These biopharmaceutical constraints complicate the development of effective and patient-friendly dosage forms. For pediatric populations, in particular, the high-dose requirement and pronounced bitter taste of PZQ pose formulation and compliance challenges. Innovative delivery systems such as oral films and dispersible tablets are being explored to increase palatability and improve therapeutic outcomes in children [9].
To overcome solubility-related limitations, several advanced formulation strategies have been developed. Techniques such as solid dispersion systems [14,27], lipid-based delivery approaches [21], and nanotechnology-based formulations [15,28,29,30] have demonstrated significant potential to increase the dissolution rate and systemic availability of PZQ. For example, solid lipid nanoparticles [31] and self-emulsifying drug delivery systems [21] have shown promising results in preclinical studies. Furthermore, amorphous solid dispersions [14] and cocrystal technologies [22,32,33] are emerging as viable strategies to address solubility barriers in PZQ and other BCS Class II drugs, including ibuprofen and carbamazepine.
The continued development of tailored formulation technologies will remain essential to fully realize the therapeutic potential of PZQ, reduce the risk of adverse effects, and simplify dosing regimens, particularly in vulnerable populations, such as pediatric patients.

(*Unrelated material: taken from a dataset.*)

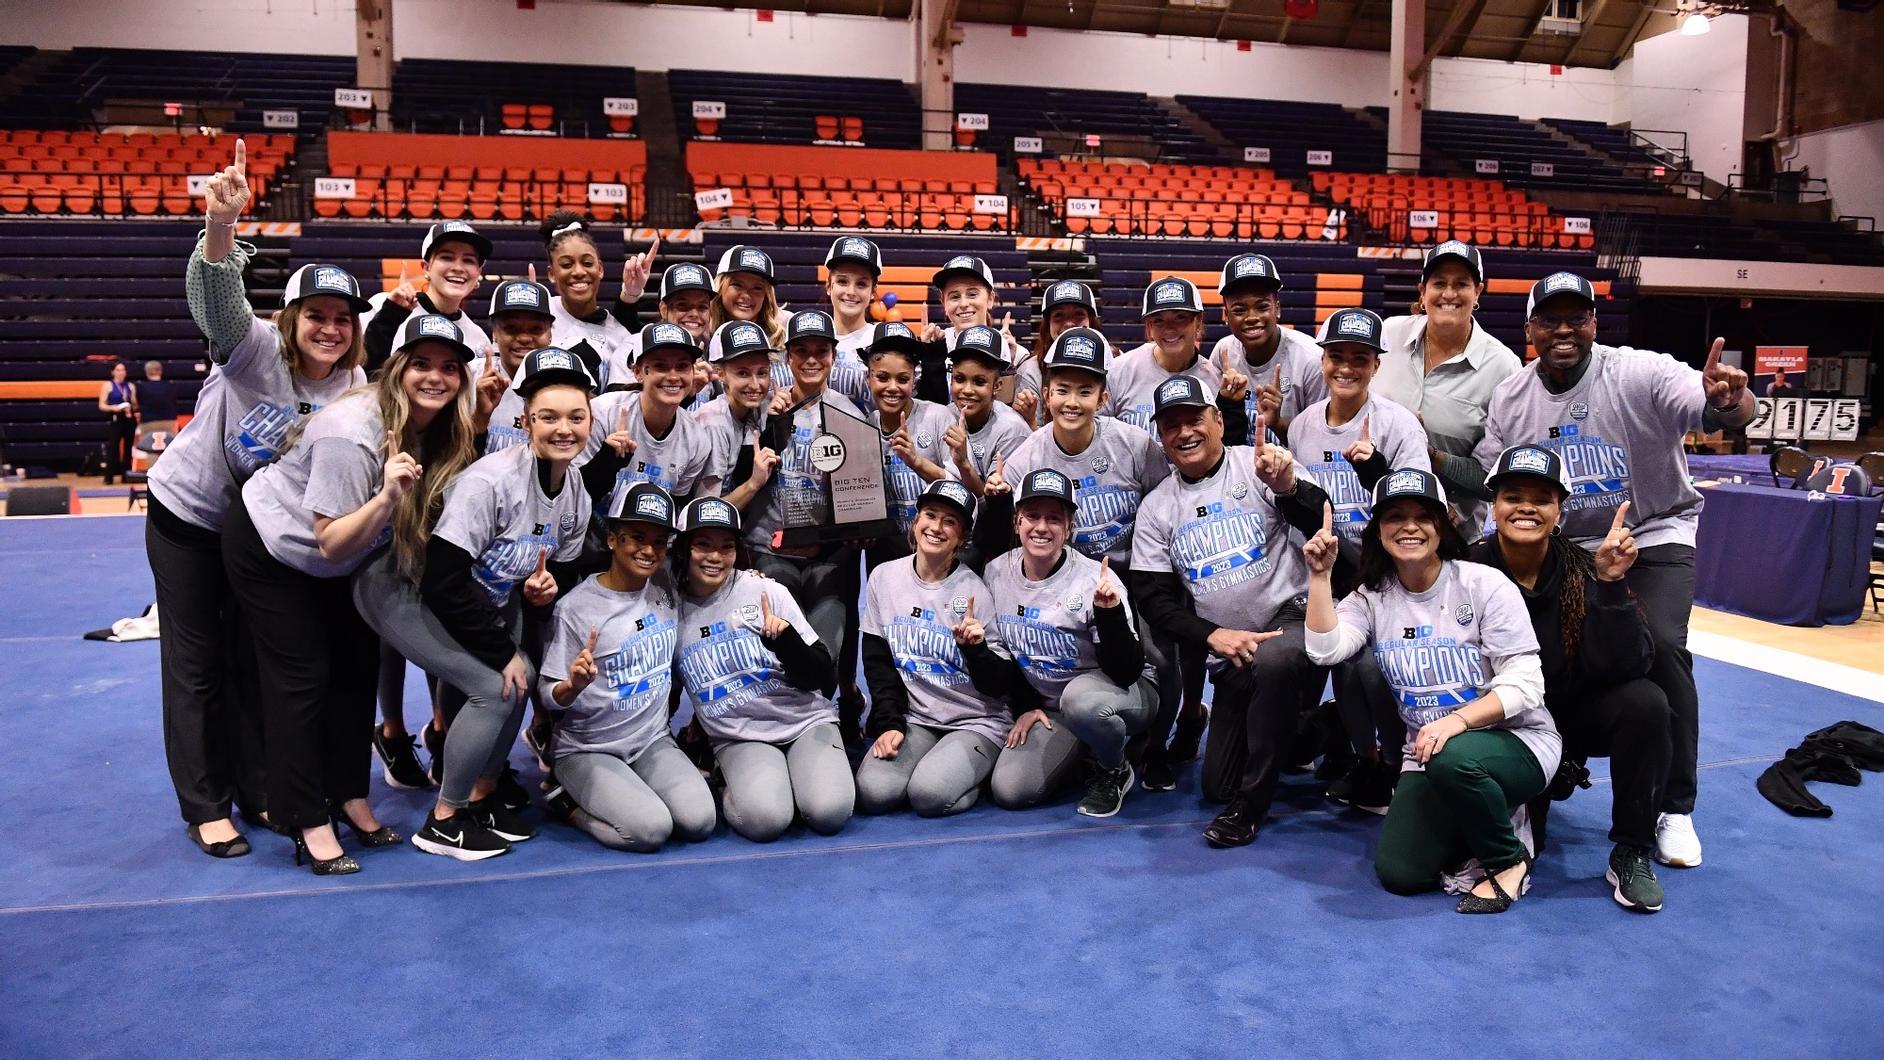 The Michigan State gymnastics team after being named Big Ten regular season co-champions with Michigan.

3.2. Absorption, Distribution, Metabolism and Excretion

The pharmacokinetics of PZQ exhibit notable differences depending on the route of administration, specifically between oral and intravenous administration [34,35]. These differences arise from physiological factors, including blood flow at the absorption site, gastrointestinal transit time, surface area for absorption, and gastric pH, which can be significantly influenced by food intake [36]. Oral administration of PZQ, at a typical dose of 600 mg, results in rapid gastrointestinal absorption, with a reported Tmax of 2.0–2.6 h and an absorption rate exceeding 80%. Its high lipophilicity and strong plasma protein binding complicate extraction procedures and mandate rigorous evaluation of matrix effects, recovery, and selectivity. The reduced bioavailability reflects both poor solubility and extensive first-pass hepatic metabolism, rather than solubility alone [37].
Once absorbed, PZQ is widely distributed throughout the body, with a particular affinity for tissues such as the liver and kidneys [38]. The drug exhibits significant plasma protein binding (~80%), which restricts the levels of free, pharmacologically active drug. Nutrition, inflammation, or age can affect plasma protein levels, altering free drug concentrations. For example, infants under one year of age exhibit higher free drug levels due to reduced plasma protein concentrations, including those of albumin [35].
PZQ undergoes extensive hepatic metabolism, which is catalyzed predominantly by cytochrome P450 enzymes, including CYP1A2, CYP3A4, CYP2B1, CYP3A5, and CYP2C19 [39,40]. The primary metabolites, cis- and trans-4′-hydroxypraziquantel (Figure 2), are generated through this pathway. This metabolic process introduces considerable variability in pharmacokinetics because of the interindividual pharmacogenetic differences in cytochrome P450 activity, and pathologic conditions, such as liver dysfunction, impair metabolic capacity [35,40].
Chirality further increases analytical complexity: only the (+)-S-PZQ enantiomer is pharmacologically active, whereas the (−)-R-PZQ enantiomer contributes minimally to efficacy [39]. Enantioselective analytical methods therefore require optimized chiral stationary phases, dedicated validation strategies, and tailored sample preparation workflows.
Elimination of PZQ occurs predominantly via the renal route, with approximately 80% of the administered dose excreted within four days. Notably, 90% of this elimination occurs within the first 24 h [35,40]. This rapid elimination emphasizes the importance of optimizing dosing regimens to maintain therapeutic efficacy while minimizing the risk of adverse effects.
The pharmacokinetic properties of PZQ, including its variable metabolism and rapid elimination, highlight the need for individualized dosing strategies and advanced formulation techniques. High-fat meals have been shown to increase PZQ absorption by increasing bile secretion and improving bioavailability after oral administration [41]. Additionally, extended-release formulations or lipid-based delivery systems offer promising solutions to optimize plasma concentrations and therapeutic outcomes.
A schematic representation of the principal pharmacokinetic processes of PZQ absorption, distribution, metabolism, and excretion is provided in Figure 2.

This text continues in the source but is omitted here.